Supplied entries:
↓↓↓
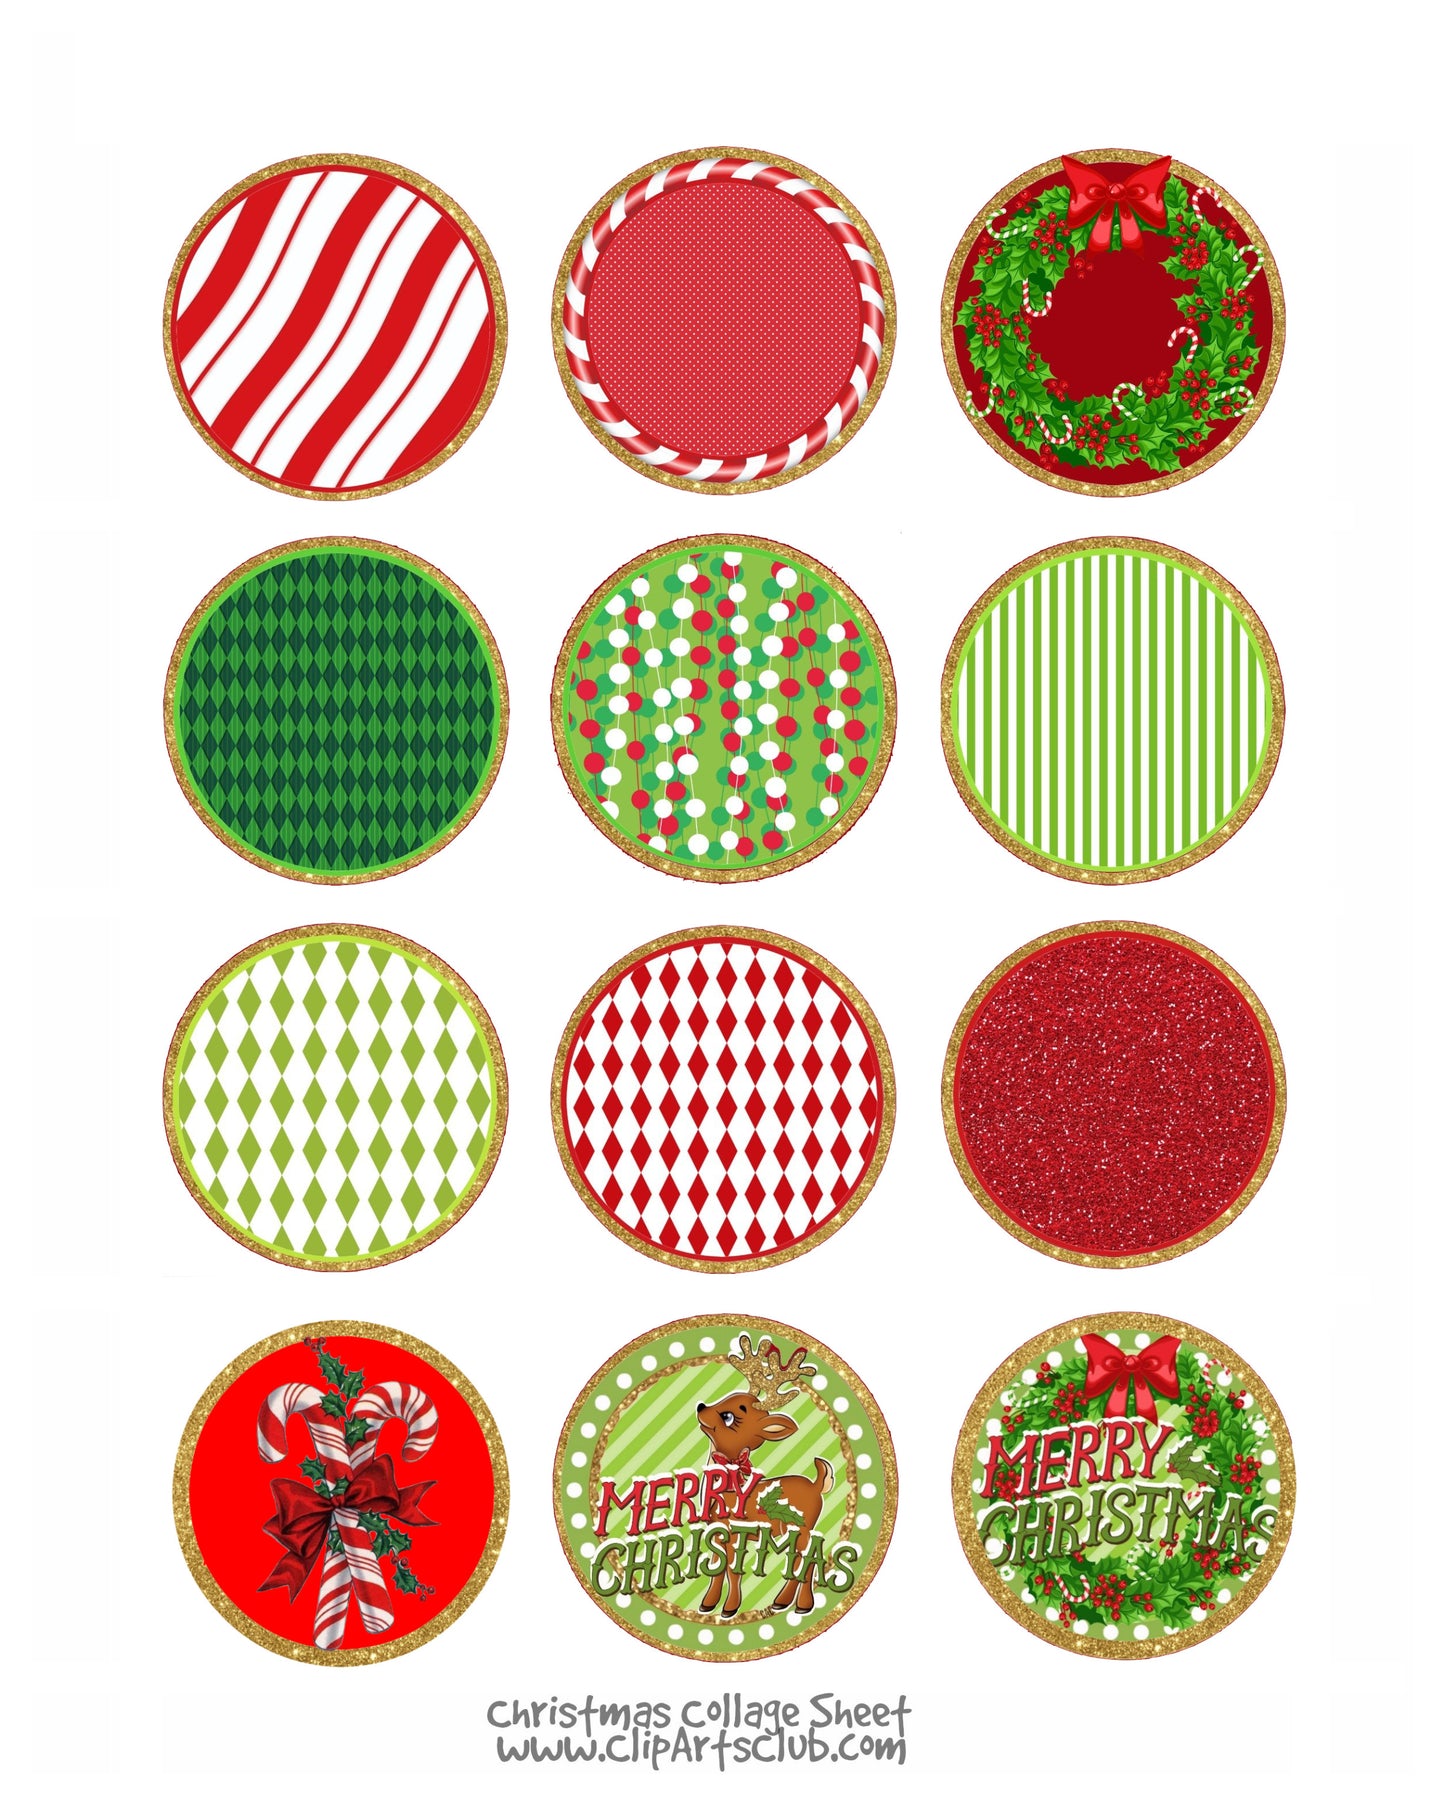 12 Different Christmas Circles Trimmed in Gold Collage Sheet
↑↑↑
↓↓↓
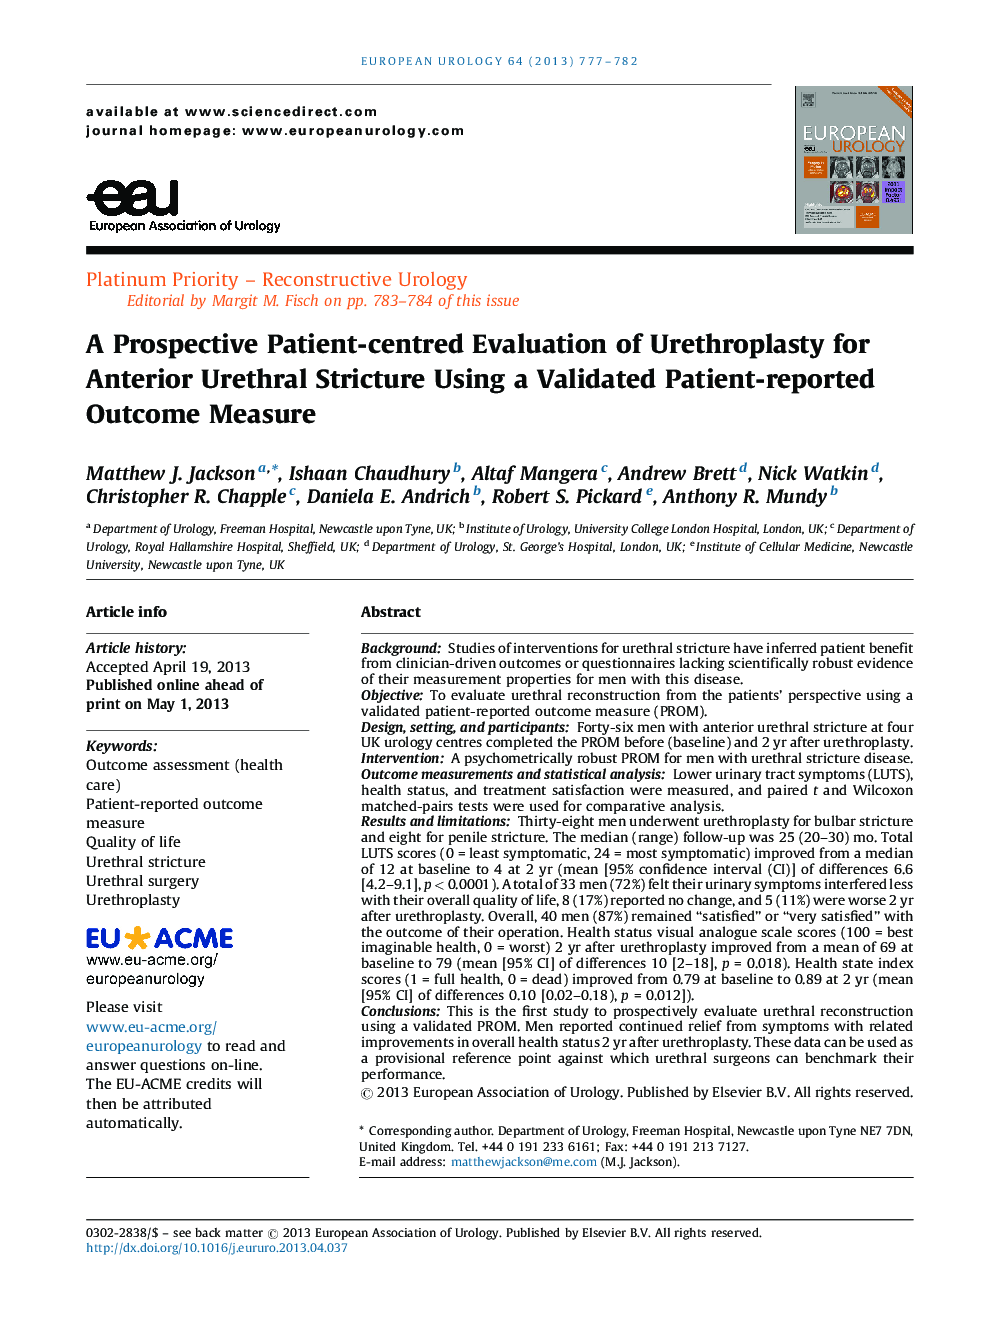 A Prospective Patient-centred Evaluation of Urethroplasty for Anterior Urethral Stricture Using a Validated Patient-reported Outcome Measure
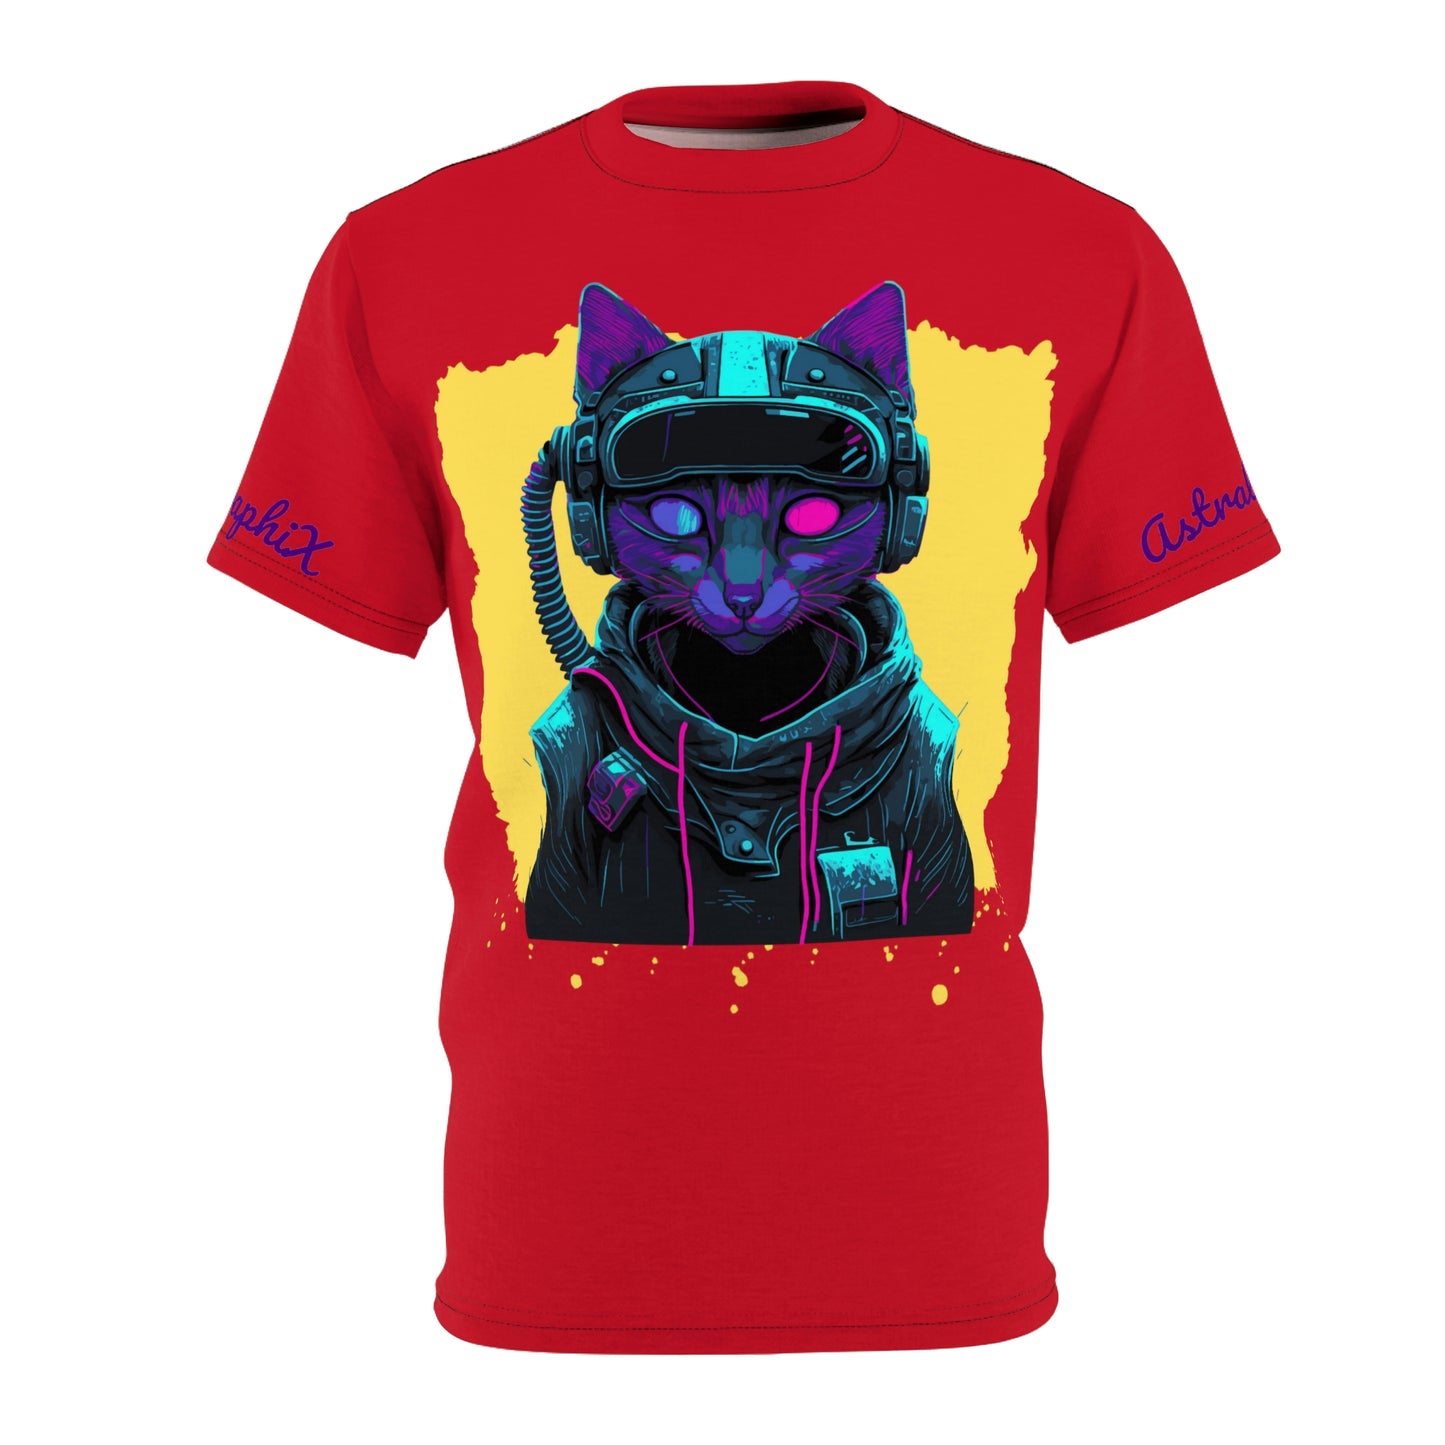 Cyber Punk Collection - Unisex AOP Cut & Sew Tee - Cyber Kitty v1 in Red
↑↑↑
↓↓↓
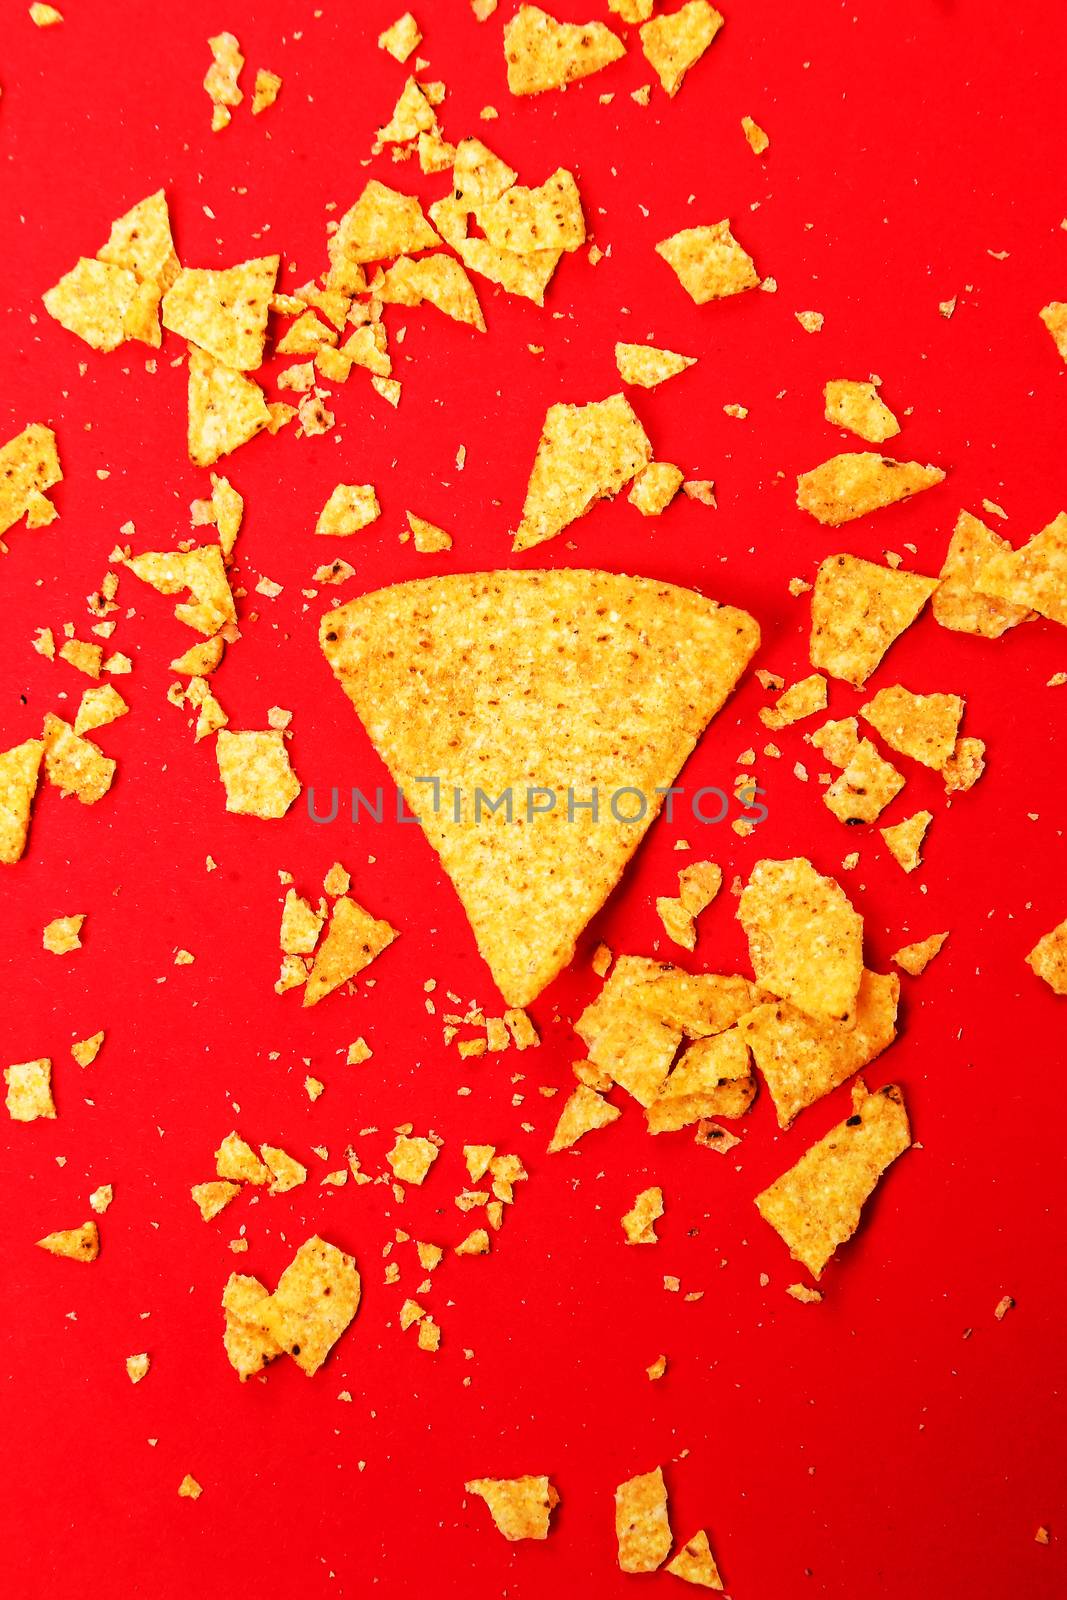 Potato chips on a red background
↑↑↑
Work to complete: No picture is to be printed. Output exactly the lines above from the line containing "A Prospective Patient-centred" through the line containing "Cyber Punk Collection".

Output below:
 A Prospective Patient-centred Evaluation of Urethroplasty for Anterior Urethral Stricture Using a Validated Patient-reported Outcome Measure
 Cyber Punk Collection - Unisex AOP Cut & Sew Tee - Cyber Kitty v1 in Red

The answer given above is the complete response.